I think I'm using numbers 1 and 2 instead of l and r. Even if you're using the -Ui options there are always a few files that you have to merge manually unless you're ignoring them, /etc/motd for example.


----------



## _martin (Mar 9, 2015)

phoenix, kpa  Hmm .. you are right. Other keys are there too - "1" and "2". For me it's still too close together (but better than "l" "r").
I'd say "w" for left and "o" for right, or even "a"-"d" combinations (as in wsad) would be better. My preference though.

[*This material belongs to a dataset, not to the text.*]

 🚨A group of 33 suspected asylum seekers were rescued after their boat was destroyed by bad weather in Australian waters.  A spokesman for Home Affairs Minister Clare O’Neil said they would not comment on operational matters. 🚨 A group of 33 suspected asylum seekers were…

Beeblebrox /usr/sbin/mergemaster during source updates. Not many changes during RELENG, but way too many in major update. Some could be skipped (only headers) but why not to merge them when the option is there. It's just my brain has a problem with the motion of pressing something on left for right


----------



## Beeblebrox (Mar 9, 2015)

matoatlantis said:


> why not to merge them when the option is there. It's just my brain has a problem with the motion of pressing something on left for right


Exactly! I can barely contain myself from wanting to {insert worst nightmare} during mergemaster runs.
Protect your important files, and let the rest merge (the options posted merge the files magically). Explore nasal cavities during the process...


----------



## gkontos (Mar 9, 2015)

I think that mergemaster(8) was designed by sadists.


----------



## wblock@ (Mar 10, 2015)

When X is available, I use devel/diffuse.  But on servers, I use mergemaster(8) just to see the differences, and manually merge non-trivial differences with an editor in another console.


----------